Data extract
┄┄┄┄┄┄

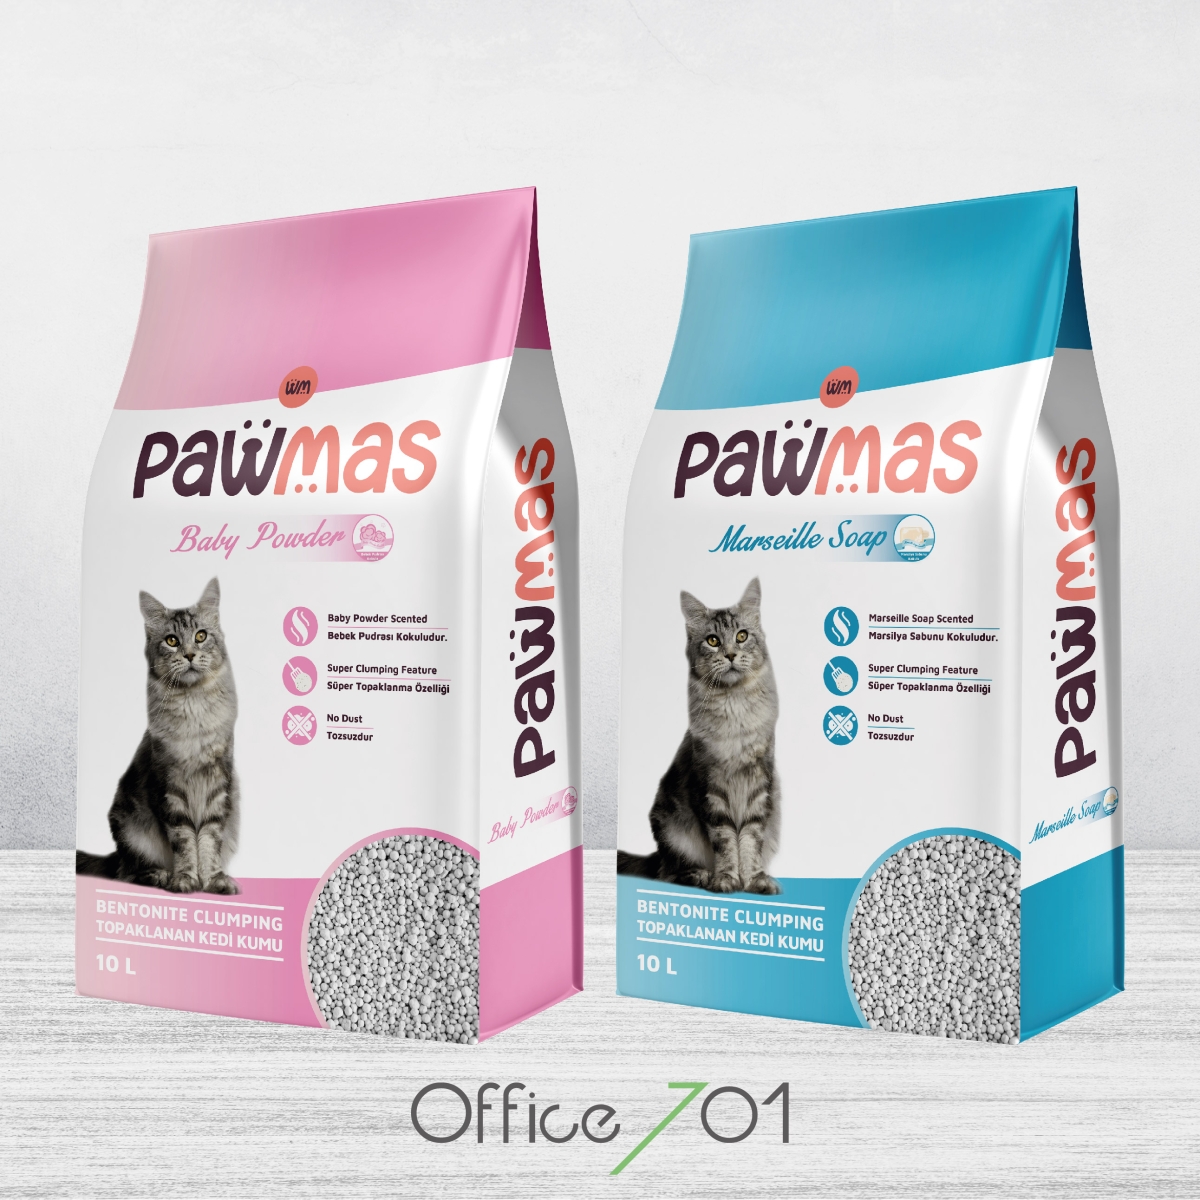 Office701 | Pawmas Bentonit Kedi Kumu Tasarımı
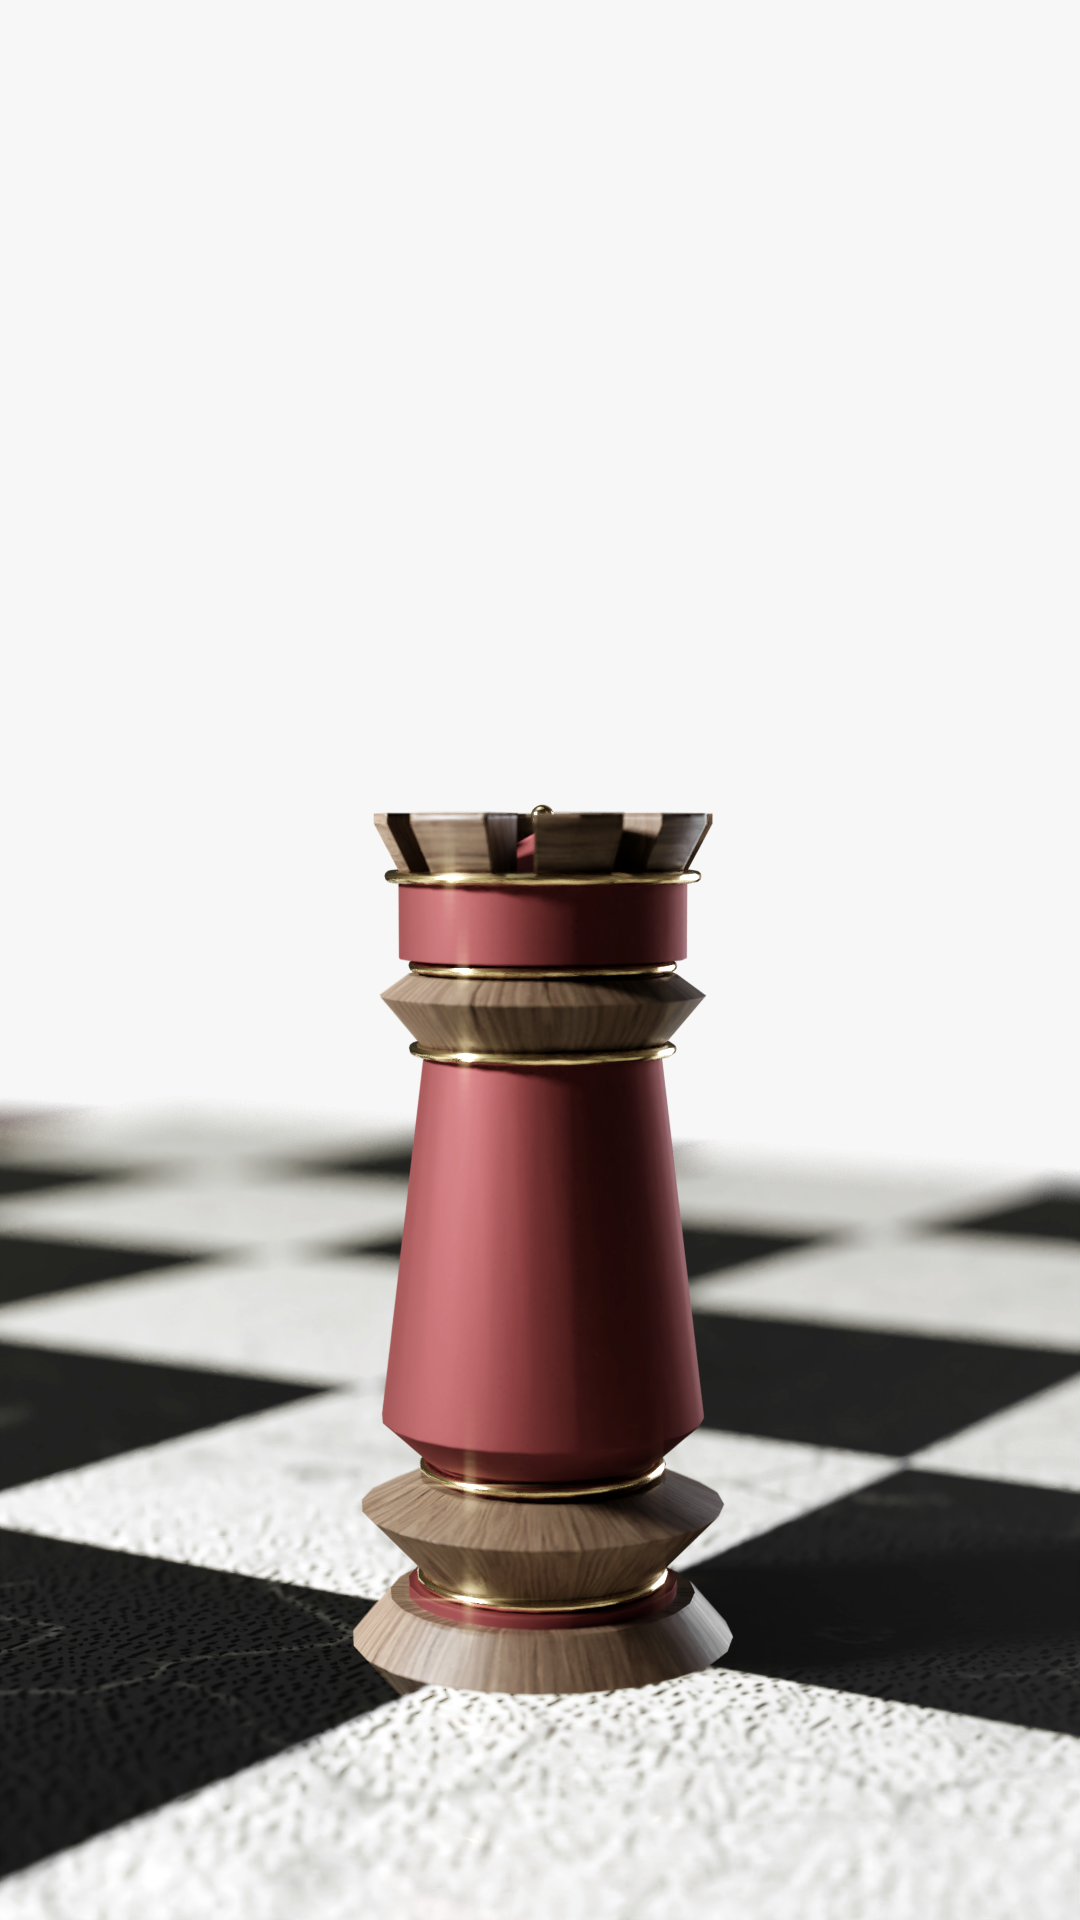 Elegant Chess Board - 3D rendered Live Wallpaper - free download
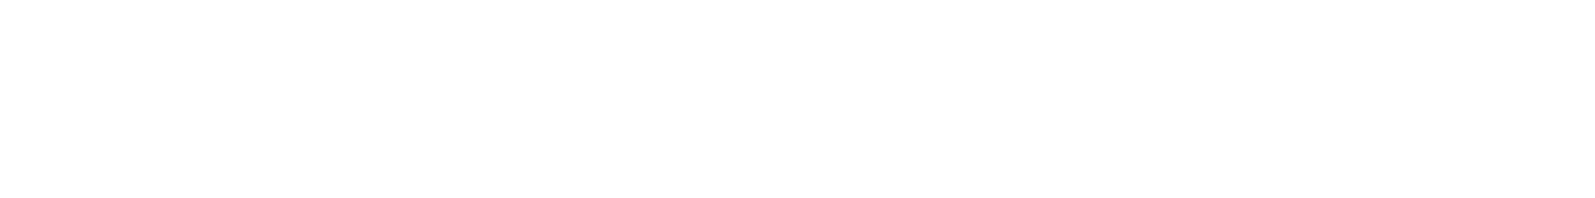 C&D International Investment Group Logo groß für dunkle Hintergründe (transparentes PNG)

┄┄┄┄┄┄

Your goal
Only the listing above, set down exactly and without pictures, belongs in the answer.

Written solution
 Office701 | Pawmas Bentonit Kedi Kumu Tasarımı
 Elegant Chess Board - 3D rendered Live Wallpaper - free download
 C&D International Investment Group Logo groß für dunkle Hintergründe (transparentes PNG)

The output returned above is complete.